In overturning a lower court decision, the Ontario Court of Appeal clarified that an arbitral award must be set aside where there is a reasonable apprehension of bias with regard to one of the tribunal members. A party does not have to prove that bias may have impacted the outcome of the award.
This article highlights the different approaches of the application judge and the Ontario Court of Appeal, as well as the key takeaways for parties and their counsel.
Arbitral award initially upheld despite bias
Vento Motorcycles Inc (“Vento”) brought a claim against the United Mexican States (“Mexico”) under Chapter 11 of the North American Free Trade Agreement (NAFTA). After the arbitral panel rendered the final award in favour of Mexico, Vento learned that:
- Mexico’s appointed arbitrator had a series of undisclosed communications during the arbitration with the Mexican government, including with Mexico’s lead counsel in the arbitration; and
- those communications included discussions about the arbitrator’s potential inclusion in two of Mexico’s rosters for trade agreement arbitration panels.
In response, Vento applied to set aside the award based on a reasonable apprehension of bias.
“Once a finding of reasonable apprehension of bias is made, the adjudicator must be disqualified, Nothing less will do.”
The Ontario Superior Court of Justice found a reasonable apprehension of bias arising from Mexico’s offer of prestigious and valuable professional opportunities to the arbitrator. Although a finding of reasonable apprehension of bias provided the Ontario Superior Court of Justice with a ground to set aside an arbitral award under the UNCITRAL Model Law, it declined to do so. The court cited a number of factors, as follows.

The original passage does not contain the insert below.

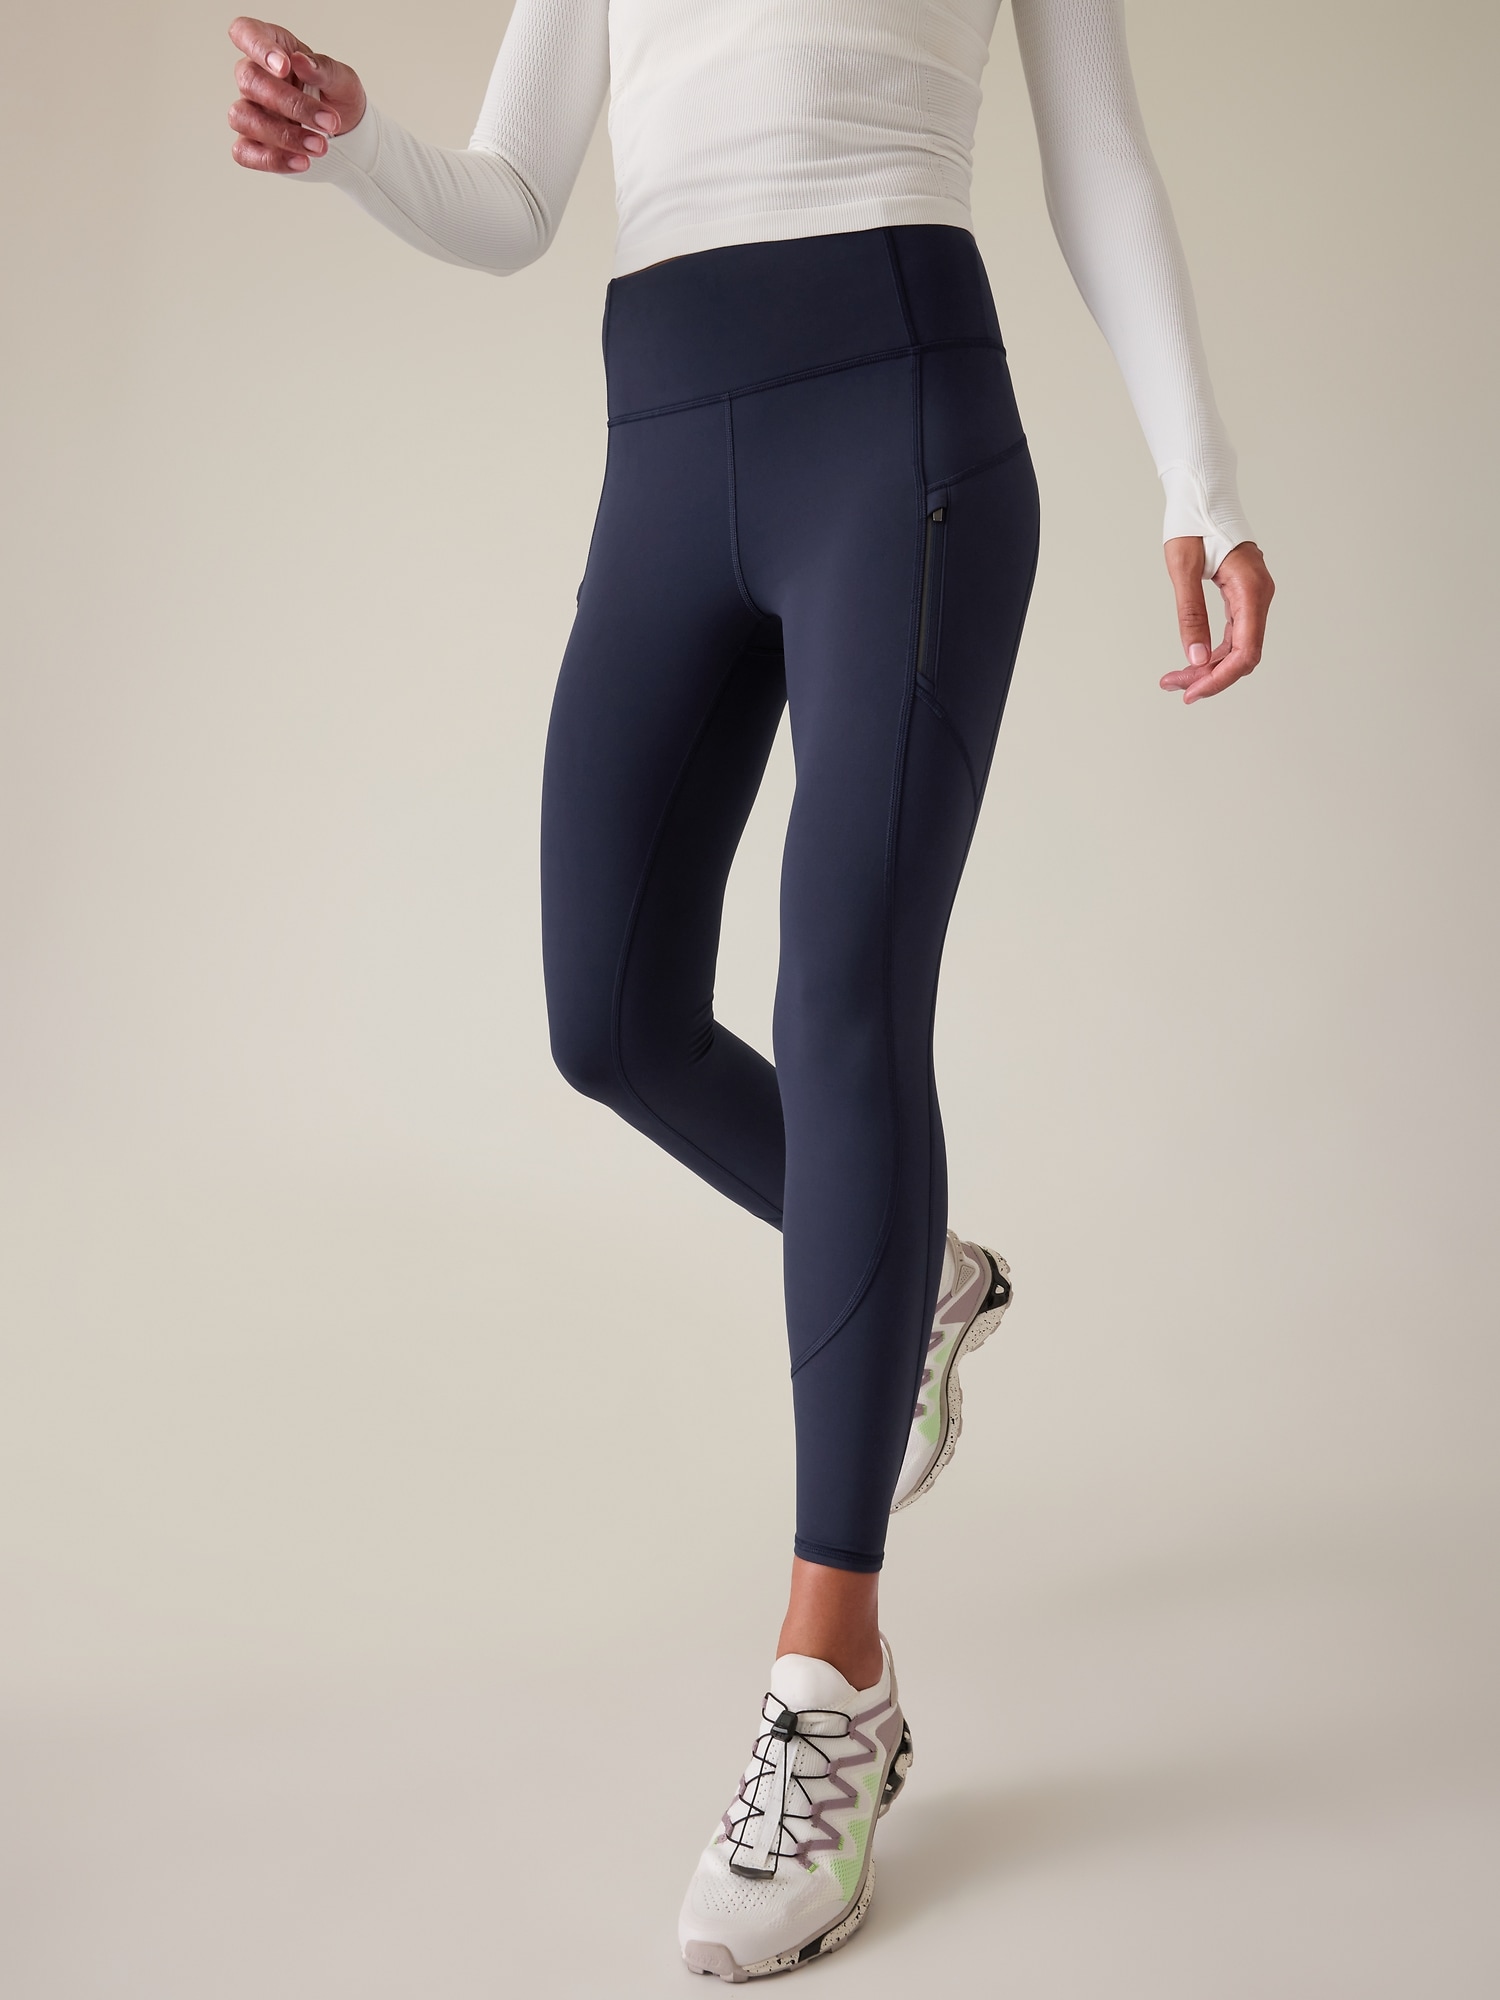 Must-Have Running Leggings: Athleta Rainier Tight​, 43 Fitness Must Haves  Our Editors Can't Get Enough Of

- The other two panel members were not tainted by the bias.
- The breach was not sufficiently serious. Nothing in the arbitrator’s conduct during the hearing itself gave rise to a reasonable apprehension of bias. There was also no evidence that the arbitrator had any ex parte communications with Mexico about the arbitration.
- It would be costly to set aside the award, given that the arbitration took five years to complete.

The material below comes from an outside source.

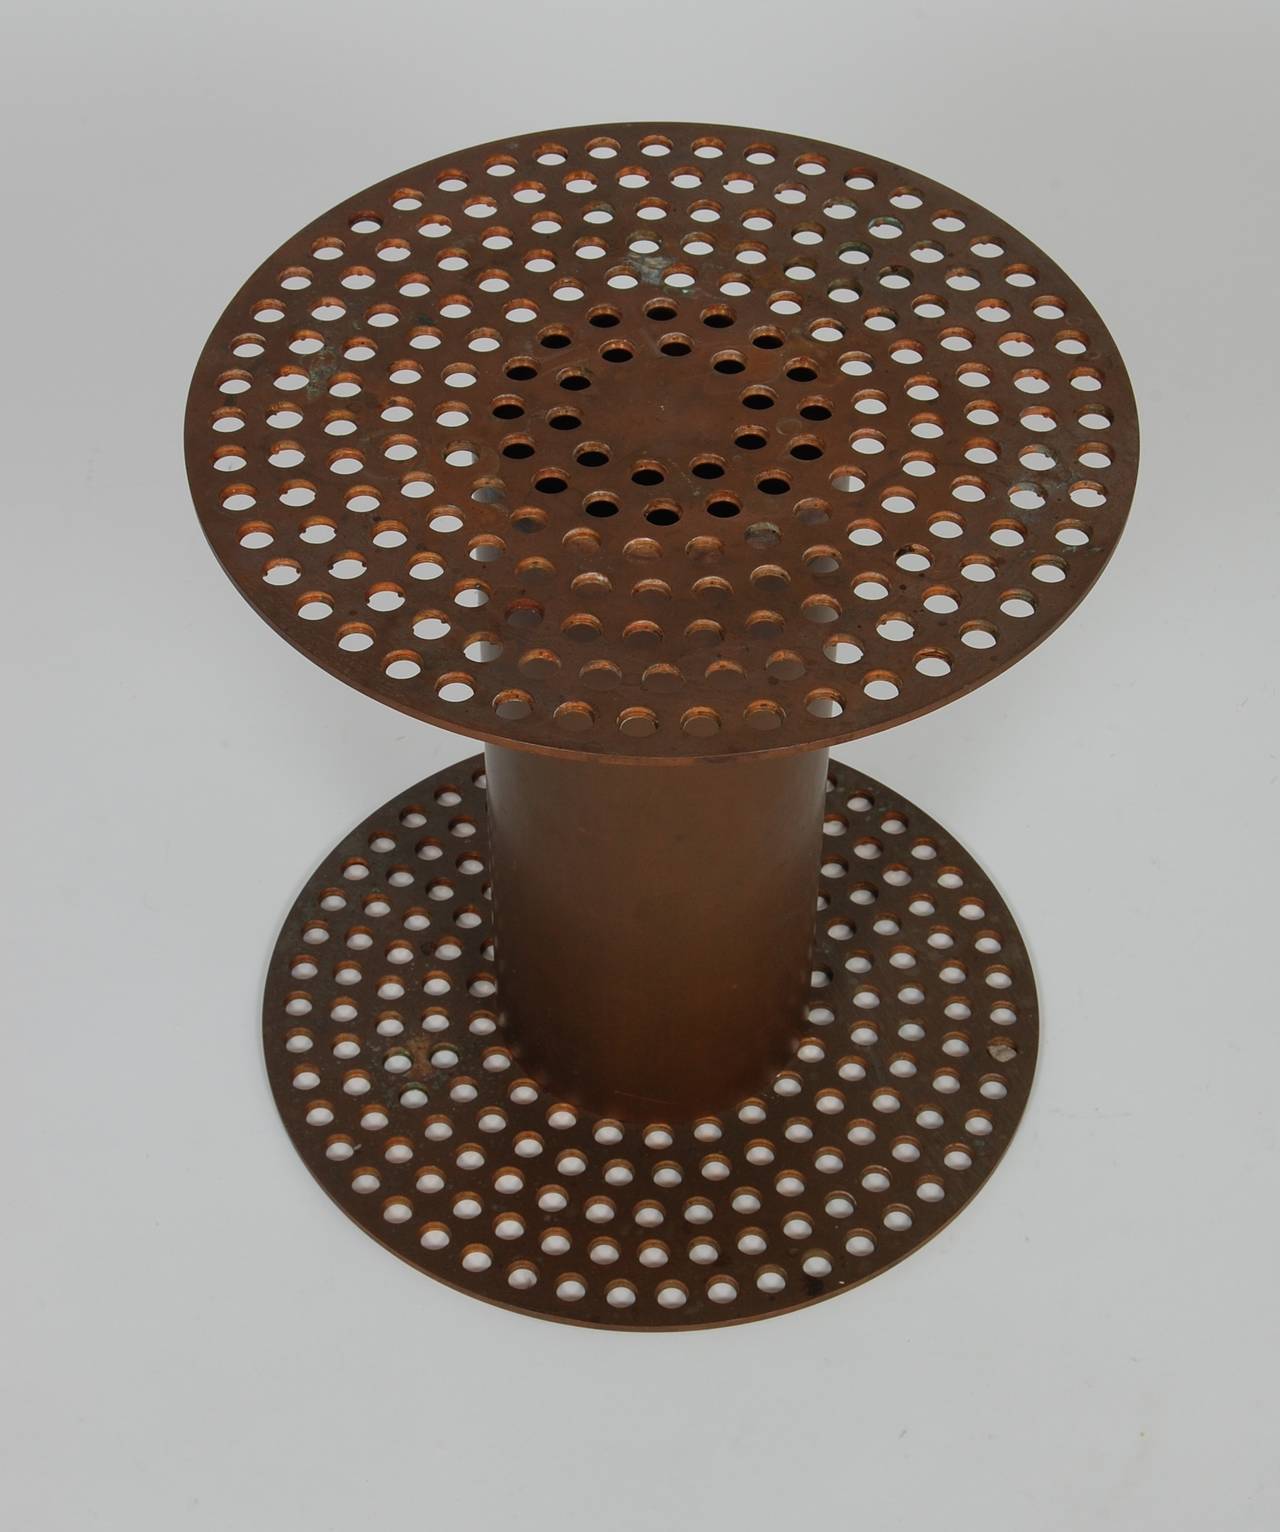 Solid brass side table with perforations on the top and base, great patina to the surface.

In the court’s view, the potential impact of the breach on the result of the hearings was the most important factor. The arbitrator did not have a deciding vote on the matter. The Ontario Superior Court of Justice held that bias neither undermined the reliability of the result nor produced any real unfairness or real practical injustice.
Ontario Court of Appeal sets the award aside
Vento appealed the decision. In response, Mexico did not challenge the finding that there was a reasonable apprehension of bias, but argued that the lower court properly exercised its discretion to uphold the award.
The Ontario Court of Appeal found that the judge erred in failing to set aside the award. The decision held that, once a finding of reasonable apprehension of bias is made, the adjudicator must be disqualified and the decision is void if it has already been reached. In the words of the court, “nothing less will do”.
The court made the following key points in denying the application judge’s discretion to not set aside the award.
- A reasonable apprehension of bias is a “major” breach of procedural fairness that irreparably undermines the integrity and legitimacy of the adjudicative process.
- The court cannot refuse to remedy a reasonable apprehension of bias by determining the bias was not sufficiently serious or because remedying would cause considerable inconvenience.
- Finality and efficiency of the arbitral process cannot be achieved at the expense of impartiality.
Ultimately, the Ontario Court of Appeal held that that the bias of the arbitrator tainted the decision of the entire panel because “it is impossible to know whether – or to what extent – the participation of a biased member affected a panel’s decision”. The appeal was allowed and the award was set aside.
Key takeaways
This decision by the Ontario Court of Appeal clarifies a court’s discretion where bias is found with regard to one tribunal member. The remedy is to set aside the award.
Counsel and arbitrator must carefully monitor and manage any potential bias throughout all stages of an arbitration. The Ontario Court of Appeal decision reinforces a party’s right to an impartial and independent tribunal, even where setting aside a decision may be costly.